Opinião

A linha do horizonte

25 nov 2016 00:00

Agora sou um homem sem fé.

Regressar ao passado é uma armadilha para o pensamento. Uma coisa é a estrada, objetiva, concreta, mensurável. Outra é a viagem que fazemos nela, subjetiva, de memórias que nos isentam da culpa, desenhadas a partir dos instrumentos de pensamento que temos hoje e que então nos eram desconhecidos. Corramos, contudo, o risco e regressemos àquela primeira aula de catequese.

Viajemos até há cinquenta e dois anos atrás e à memória de uma sala de madeiras tristes, à lâmpada solitária no teto, ao rosto circunspecto da senhora que nos iria instruir nos mistérios do divino por entre um silêncio húmido.

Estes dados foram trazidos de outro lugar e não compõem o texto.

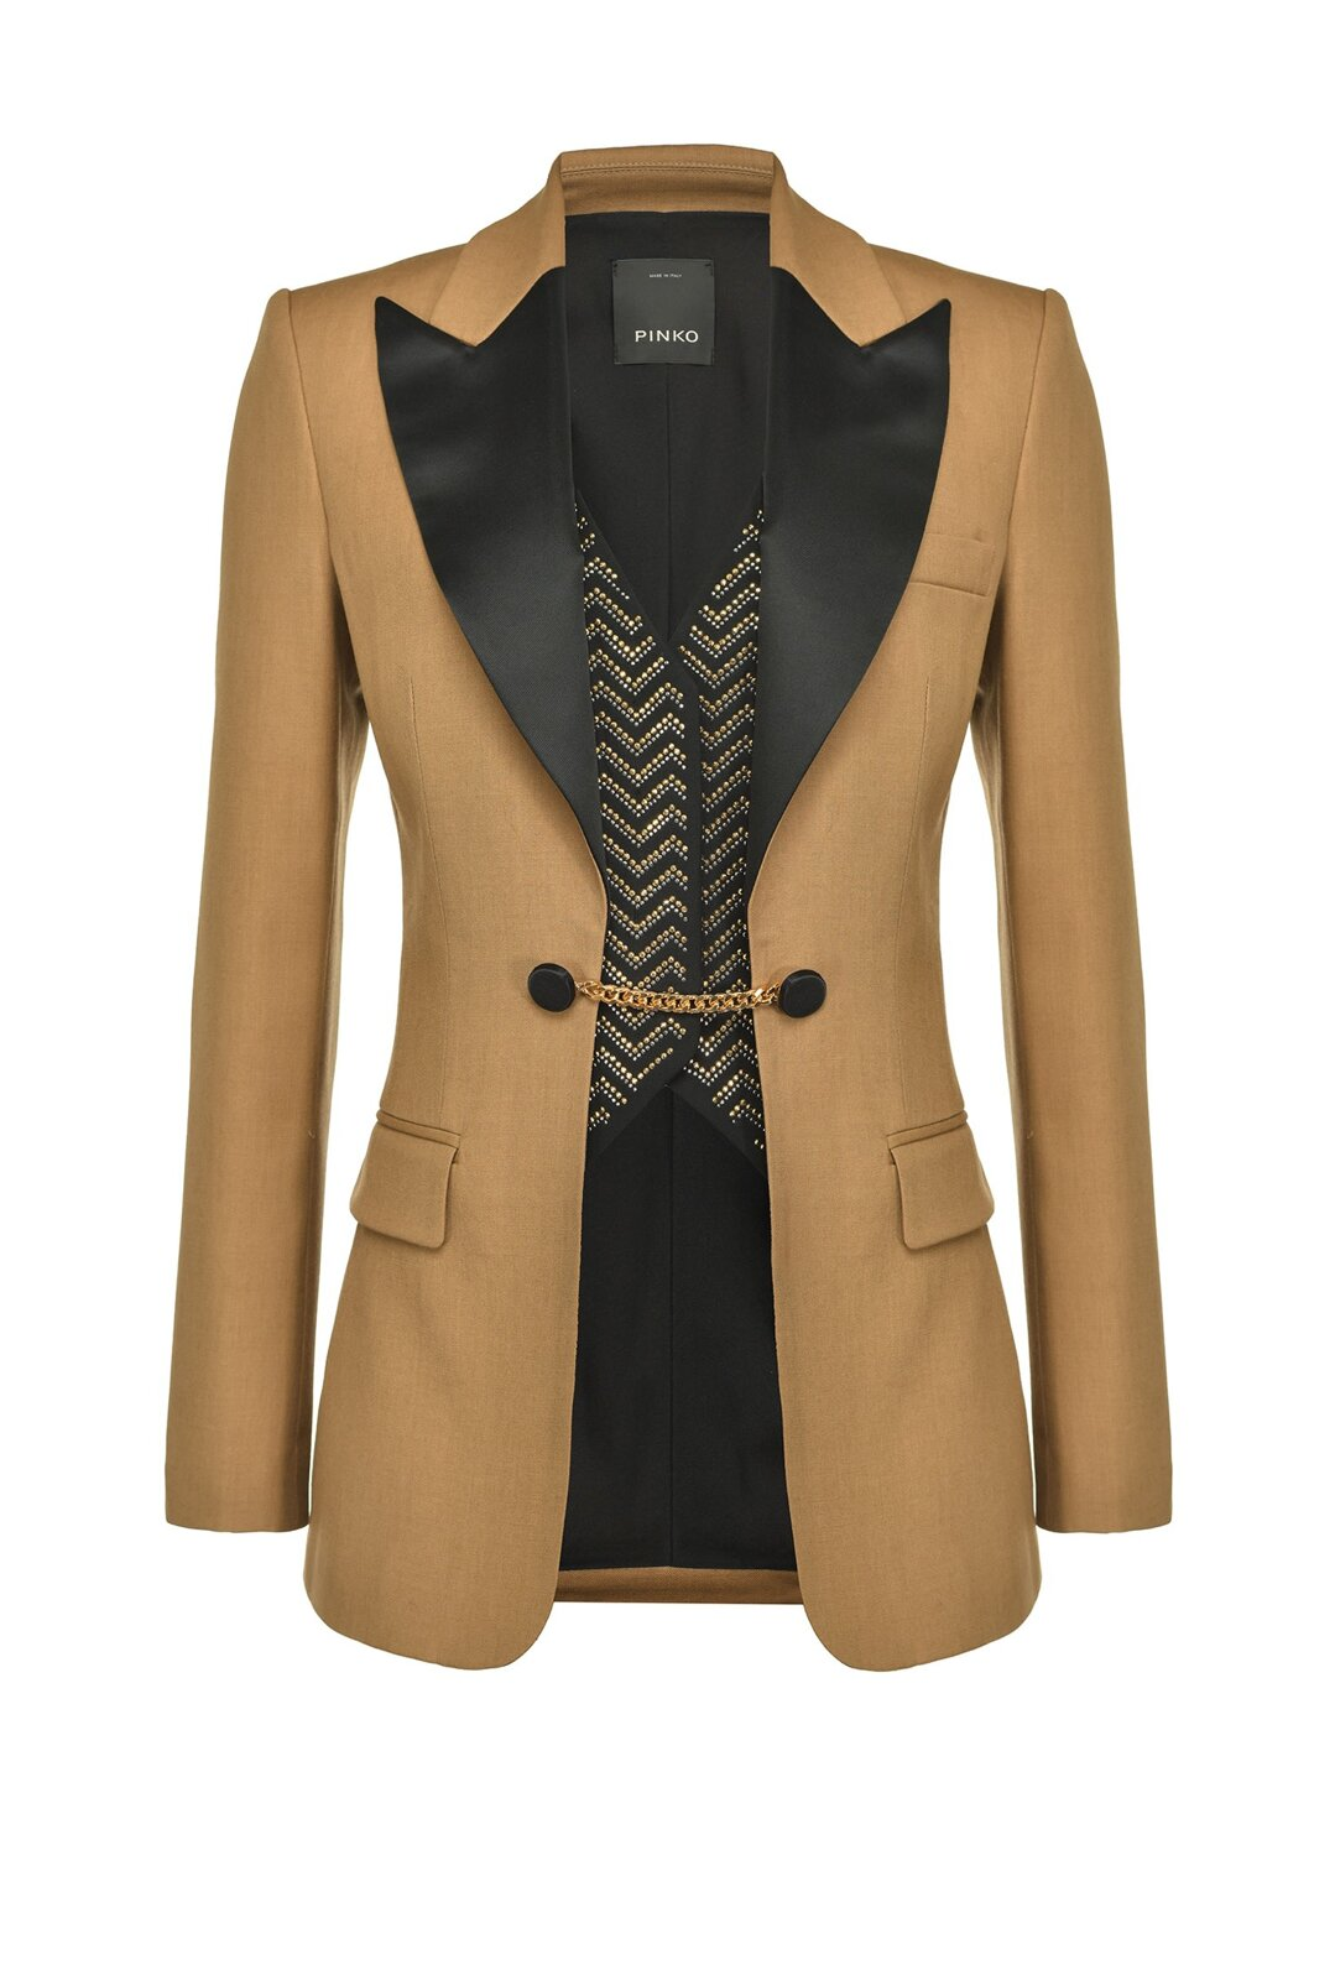 Blazer With Vest Embellished With Metal Rhinestones - Pinko

Um pequeno livro que iríamos forrar de papel-pardo com o nosso nome tremulamente desenhado na capa postiça, guia para estudarmos a lição e melhor sabermos responder ao senhor Padre que nos iria, muito mais tarde, inquirir, para avaliar da nossa condição moral de uma Comunhão prometida lá para o fim do ano letivo.

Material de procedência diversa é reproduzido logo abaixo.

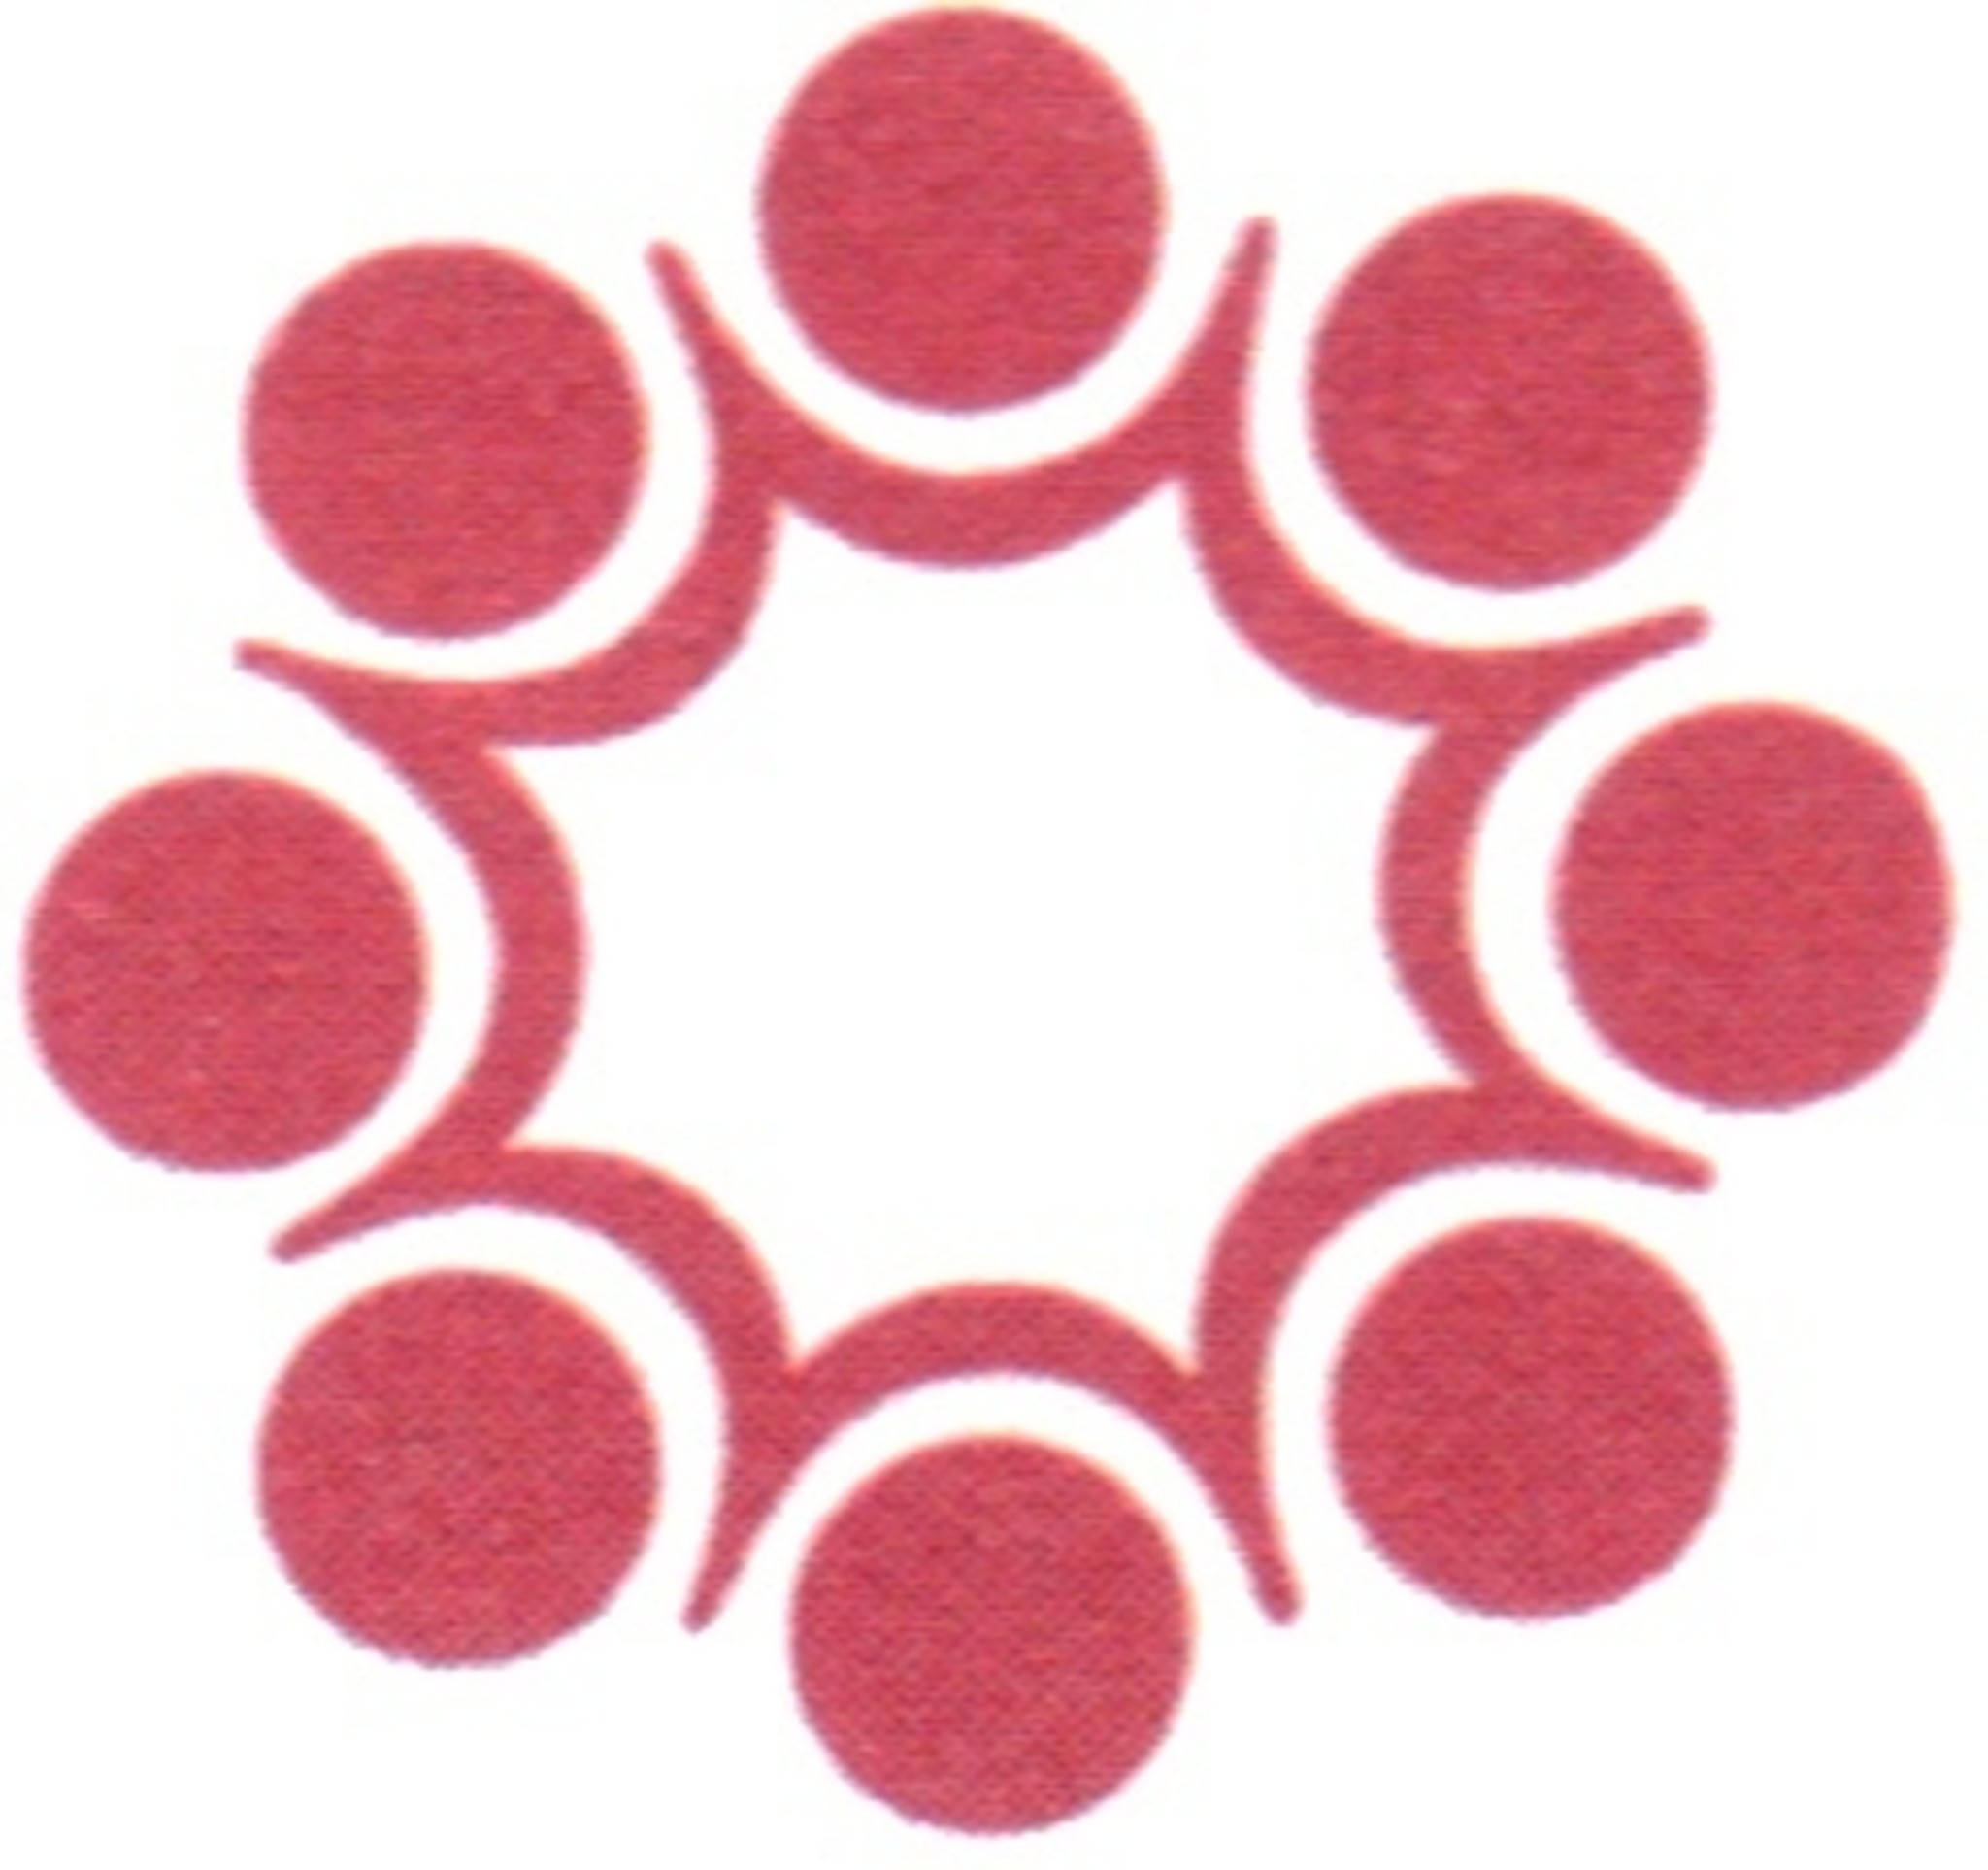 frhstcks-treffen fr frauen - Purkersdorf - intertecinc.com

E logo naquela primeira hora a nossa catequista apontou duas gravuras cuja importância deveríamos reter: a imagem de um inferno onde, por entre um fogo pintado a vermelho, laranja e amarelo, se viam umas figuras toscas de rostos em padecimento eterno e braços estendidos a clamar por perdão; outra a gravura de um barco gigantesco a afundar-se ao lado de um bloco de gelo, com gentes náufragas em águas sem fundo.

E a explicação: se não se portarem bem vão para o inferno; o Senhor fez naufragar o Titanic porque os homens que o construíram desafiaram o Seu poder ao dizerem que nem Deus o poderia afundar. E como trabalho de casa, fixar uma ladainha: “Deus é um Ser infinitamente bom, criador do Céu e da terra, omnipotente, omnipresente e omnisciente”. Lá me fiz um rapazito temente a Deus e receoso da ira divina.

Depois, um jovem, com dúvidas acerca de um Deus que me diziam bom mas que permitia desacertos num mundo que ia aprendendo a interpretar. Ajudou-me um franciscano com quem partilhava confidências, cumplicidades e cigarros que eu fornecia para as nossas longas conversas nos jardins do convento e a que ele, benévola e tranquilamente, chamava confissões e me redimiam de pecados que não sentia como tal.

Inevitavelmente um dia disse-me: és um agnóstico, segue o teu caminho com a bênção de Deus. Agora sou um homem sem fé.